SSD-1B launched a few weeks ago and is available in open source for commercial use. Its main benefit is that it is 50% faster than SDXL because it is a smaller model. Furthermore, OctoAI applied our proprietary compiler and cloud system optimizations to this model, getting us to end-to-end average generation speed of 1.4 seconds — the fastest version of SSD-1B on the market.

The main pitfalls are that since the SSD-1B model has been distilled to a smaller size, the output images from SSD-1B are different than SDXL. In other words, you can no longer reproduce the same output images as SDXL, even if you use the same seed and API parameters. Furthermore, the community around this new model is still relatively small compared to that around SDXL, so there are not as many fine-tuned assets like checkpoints and LoRAs allowing for customization of styles, objects, and faces around this model. Read about why customization around image models is important and how OctoAI enables customization.


The second innovation that we are very excited about is LCM-LoRAs. This innovation enables you to achieve high-quality output from SDXL with only 4 steps and less than 1 second of latency. More importantly, it is completely compatible with existing image customization techniques available on OctoAI such as SDXL LoRAs. Customers using this can achieve both fast inference speed and product differentiation via customization.

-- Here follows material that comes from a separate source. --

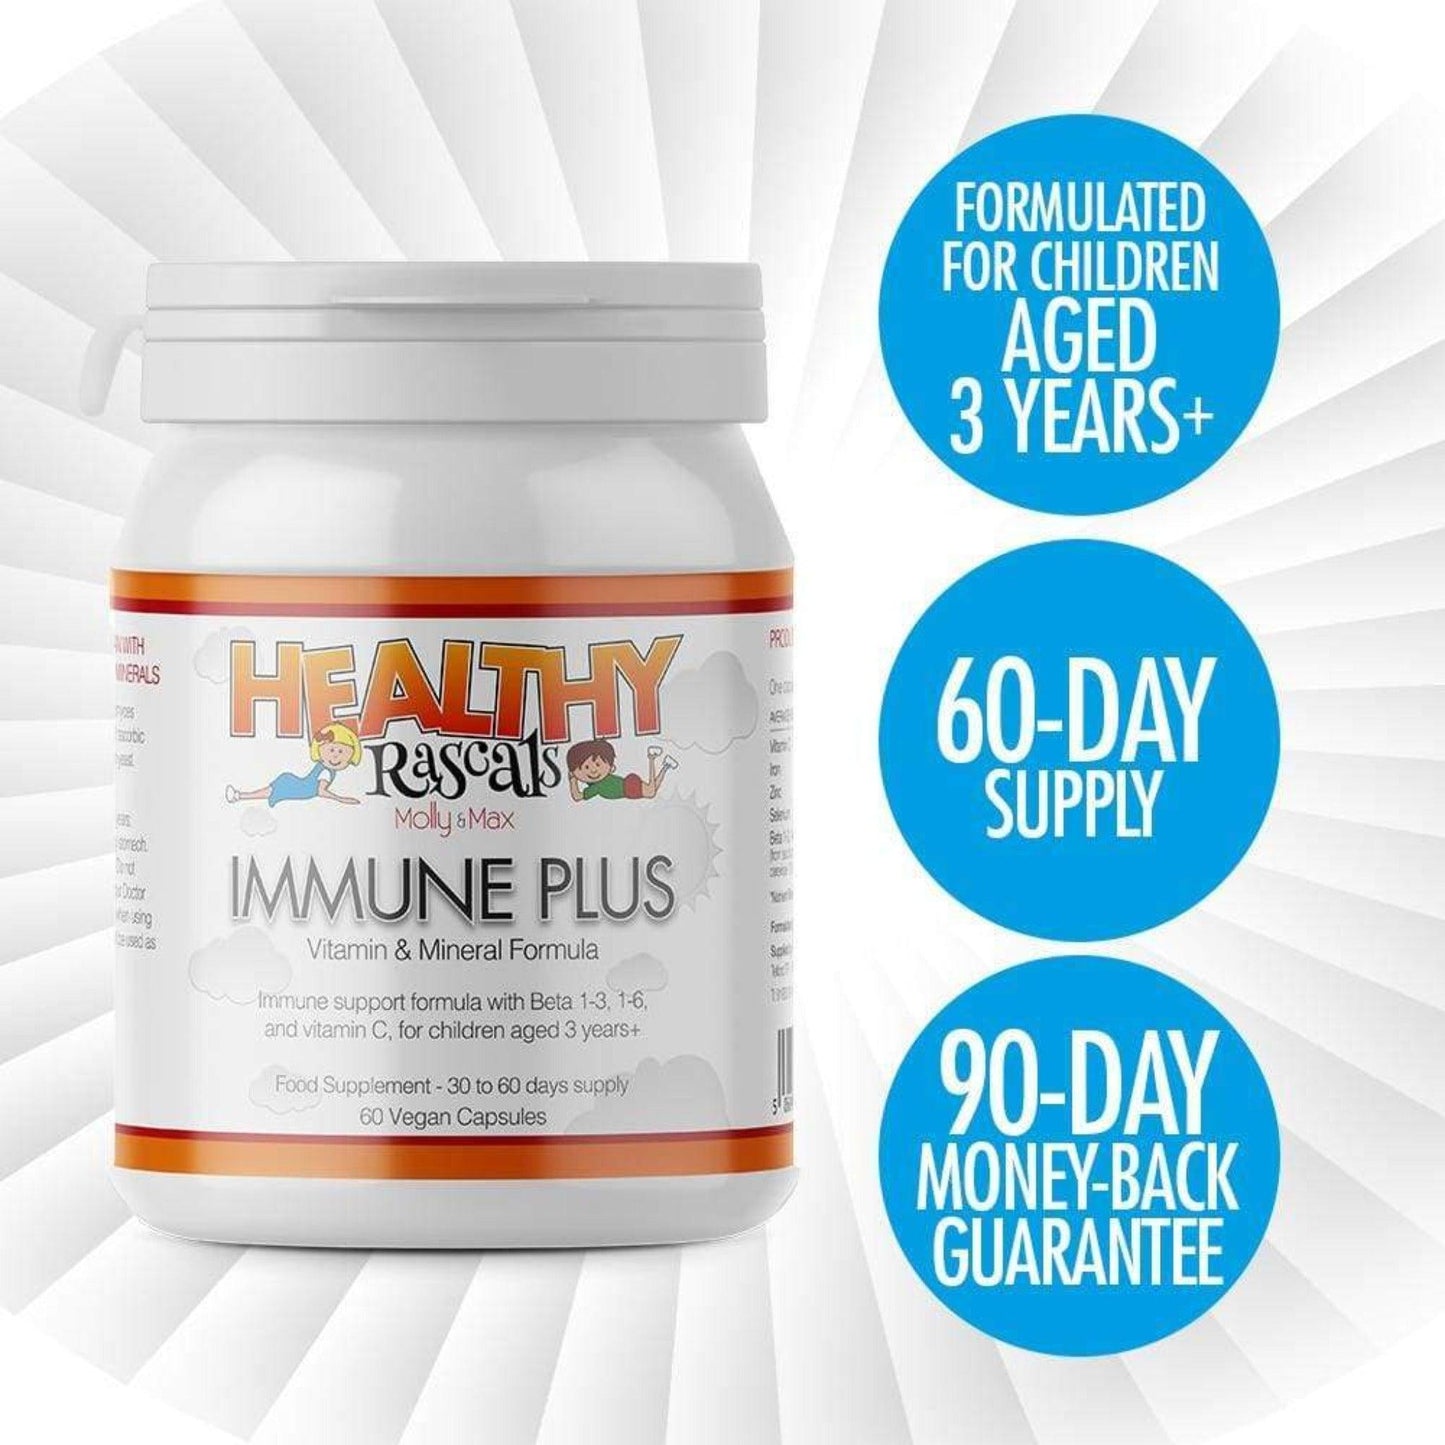 Healthy Rascals Immune Plus for kids, 60-day supply with a money-back guarantee.
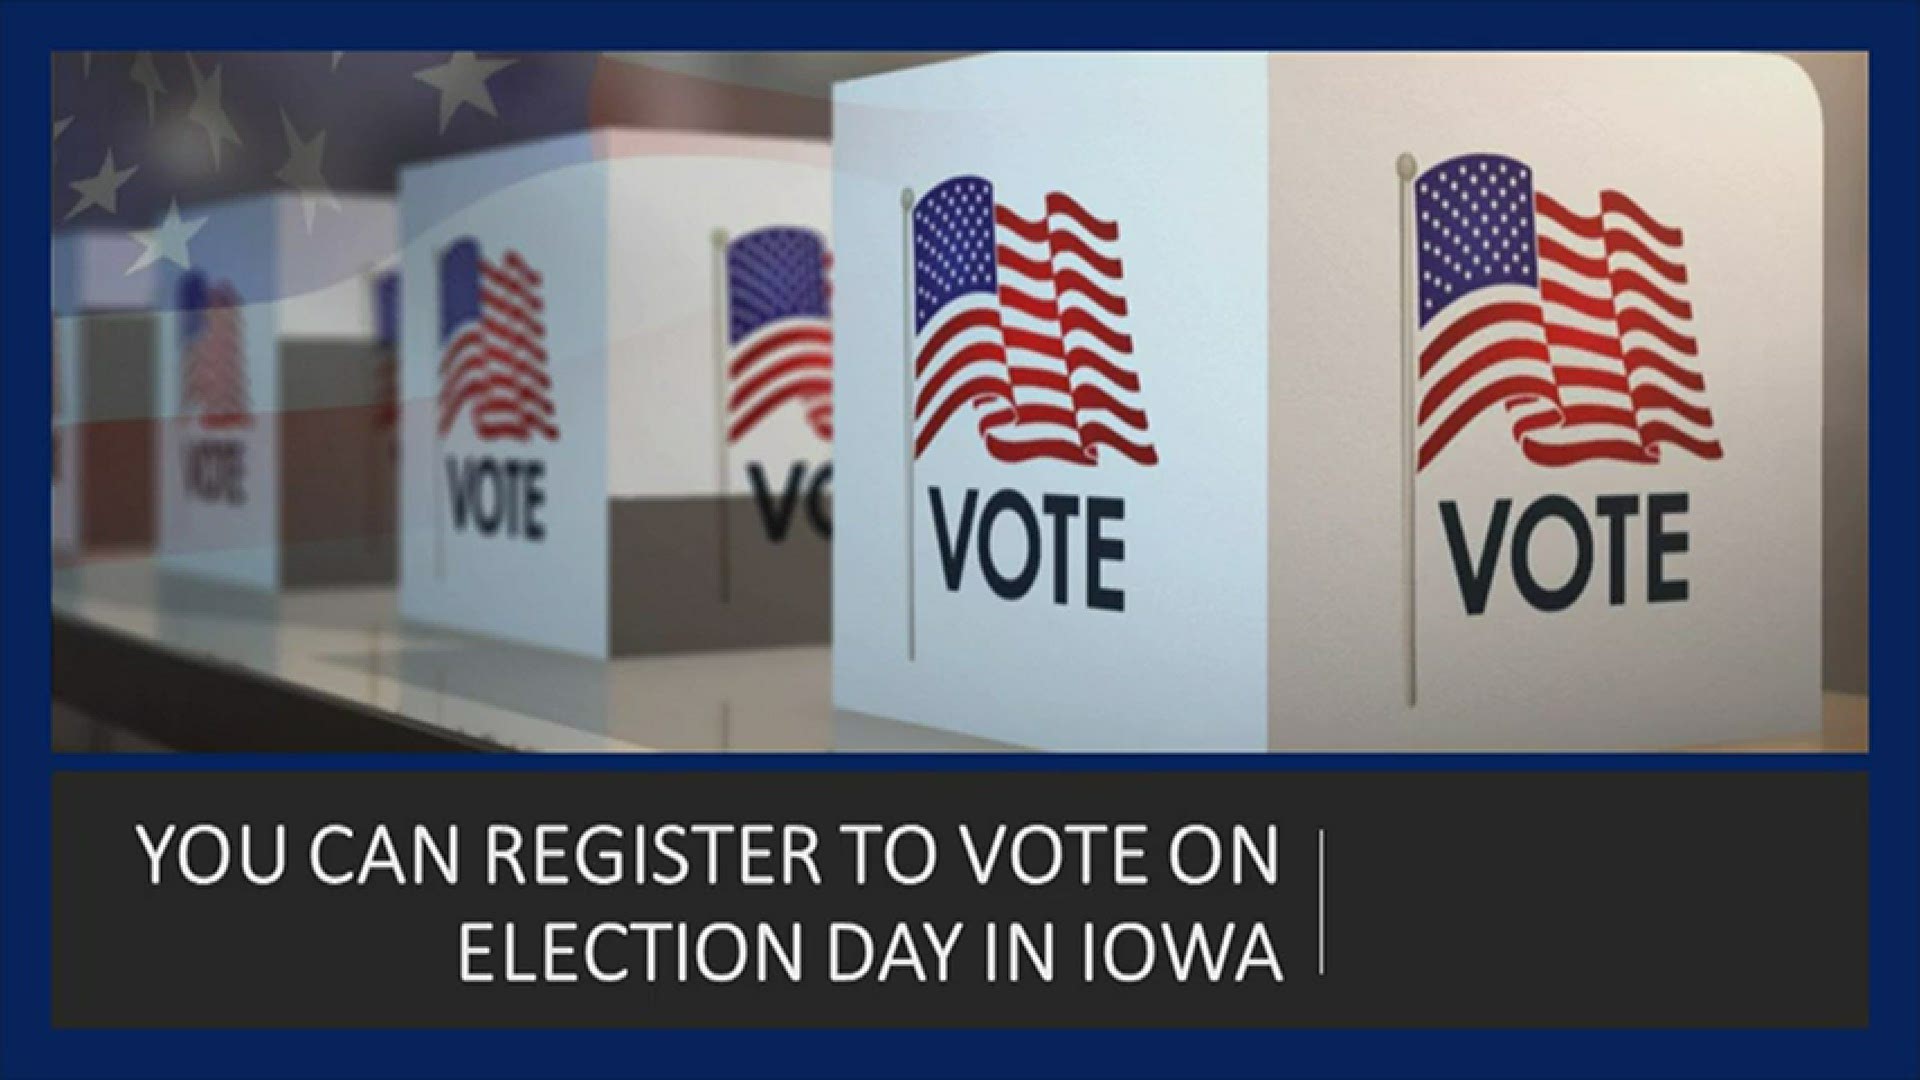 Polls in Iowa open Tuesday at 7 a.m. But if you haven't registered to vote yet, that's OK.

Exploring a real-world example

Let’s say you are an E-Commerce merchant selling glass orbs for the holiday season. Using OctoAI SDXL with default settings (base style and 30 steps), you can generate the following image within 2.8 seconds:

Now if you use SDXL with LCM, you can generate a similarly high-quality image in only 4 steps and 660 milliseconds. Note that OctoAI built a proprietary Asset Orchestrator technology to ensure that the LCM asset can be cached in memory intelligently; without this technology, generation can take closer to 2-3 seconds:

Finally, if you mix an SDXL LCM-LoRA with another custom LORA tuned on glass orbs for the holiday season, you can generate an image like the following. This generation can also be done in 4 steps, but bringing in the custom LoRA would introduce a hot-swapping cost:

Here are a few issues when using LCM-LoRA:

  • You must set cfg_scale to a small number between 1 to 2, otherwise the quality turns out very poor. If you pick a cfg_scale that is outside this range, we will automatically force the value to a valid number.

  • You must use the LCM sampler. If you pick a different sampler, we will automatically force the value to LCM.

  • Typically 4-8 steps is sufficient for generating high quality images.